And your very funny runners up!

“Jesus, can you imagine after your own death finding out that not only are you a ghost but you have to haunt your old elementary school? ‘Sorry, but you’ve been assigned to Dunning Primary as part of a package deal with the graduating class of 1922. The thinking was that if any kids come by the old place and ask open-ended questions about the former students that you’ll be there to do a brief demo, assuming that they can see you. Anyhow, you can expect a tour to come by every couple of years, have a happy eternity.’” –pugfuggly

“I love that Ashlee is giving Drew a five-grand shakedown as they stroll through the waiting room.

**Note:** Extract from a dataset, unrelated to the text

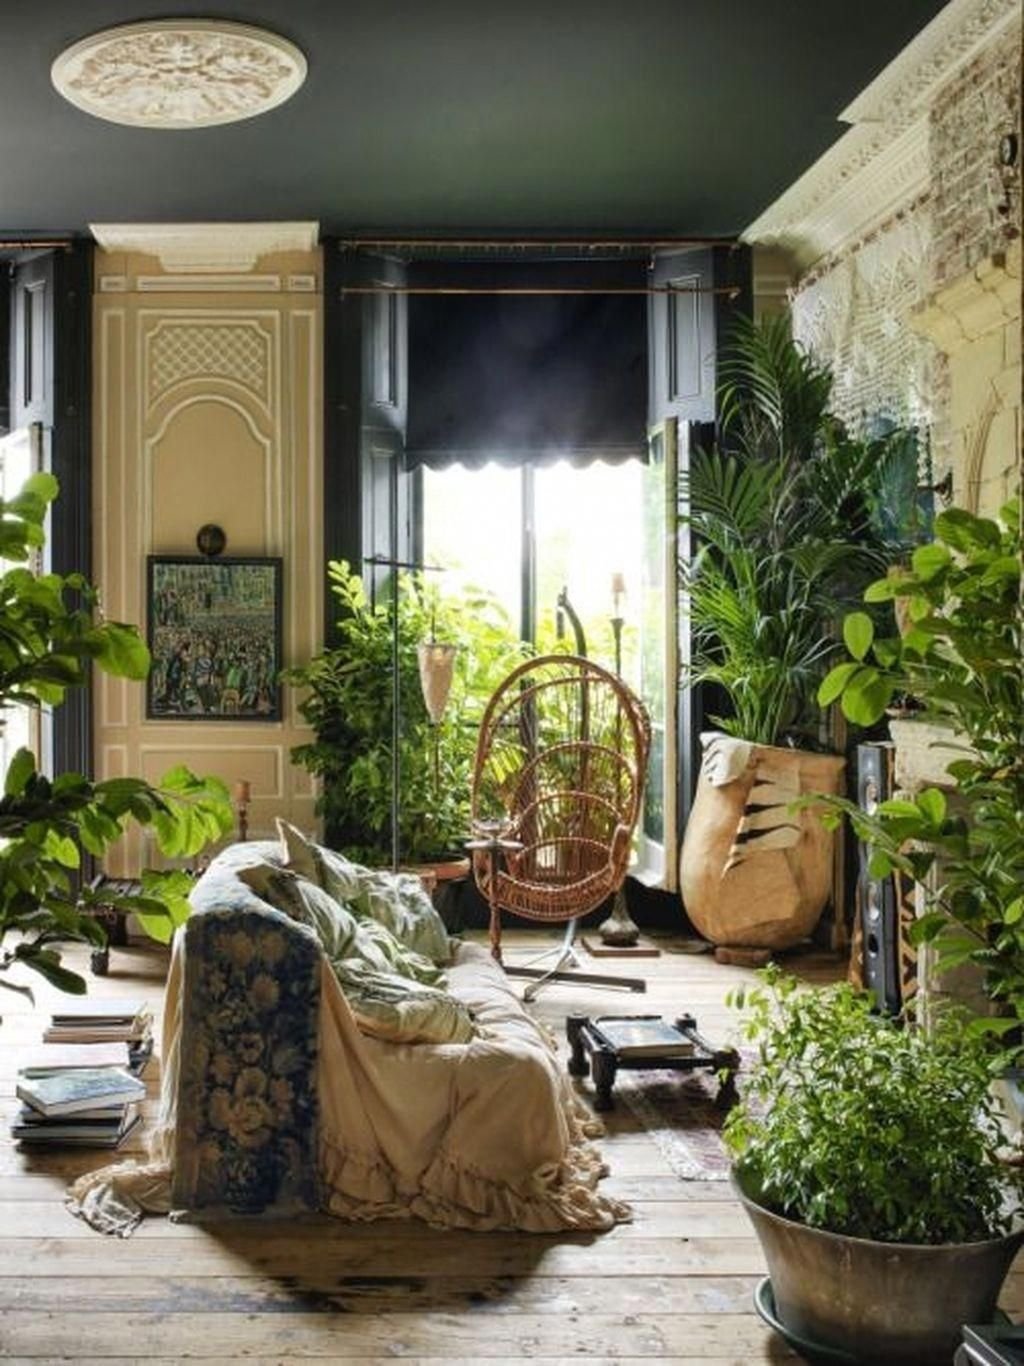 Home decoration cheap ideas plantsforhomedecoration code 9334492885

The adult patients are thinking ‘I waited six weeks for an appointment to see this dummy?’ while the little girl thinks ‘This guy looks like an easy mark.’” –Arabella

“Here’s hoping Ashlee is seeing her current Instagram stardom goals as shallow and materialistic, and is inspired to go into nursing, where she can do choreographed TikTok dance routines extolling her own heroism instead.” –bad wolf

“Eleven years ago, terrified by predictions of overpopulation and Malthusian catastrophe, a CIA psyop team began a monstrous secret project: to cut the birth rate by rendering the entire population impotent through subliminal psychological attacks that would make the very idea of sex repulsive. Over the next decade, they worked to create the most perfectly hateful, grotesque human imaginable — a person so foul that any right thinking person would recoil from the slightest association from him, even just sharing the basest human instincts — and hid him in plain sight in newspapers across the country. Today, Operation Dustin’s Dad advanced to Phase Two. May God have mercy on us all.” –Schroduck

“I find it entirely unbelievable that a bunch of obsessed nerds didn’t bother to verify his death, or even look for the website of whatever funeral home was handling the arrangements to offer their eCondolances. Anyway, kudos to Batiuk who made a plot device character about how women creators overwhelmingly get ignored and then ignoring her during the story line where she gets inducted into a comics hall of fame.” –BeeKey

“[several minutes of increasingly improbable misunderstandings later] Yes, I too am pregnant with ideas for future stories, I don’t see why you need to make it a competition.” –Dan

“Tragedy strikes when Kyle discovers his arms are permanently stuck in an ‘it was this big’ position, making it impossible for him to ever work again.” –made of wince

“Well, one thing is settled: there is no level of density for plugger body hair I am comfortable with.” –Frissen Frassen Russen Mussen

“Another old fashioned thing: wearing dress shoes for black ops. Don’t slip!” –Jerp+Jump

“I have gotten used to the creators of Beetle Bailey having no idea how the military works, but you might think they would know how movie ratings work.” –Rube

“Even the lovers on the poster are three feet apart.” –Tom T.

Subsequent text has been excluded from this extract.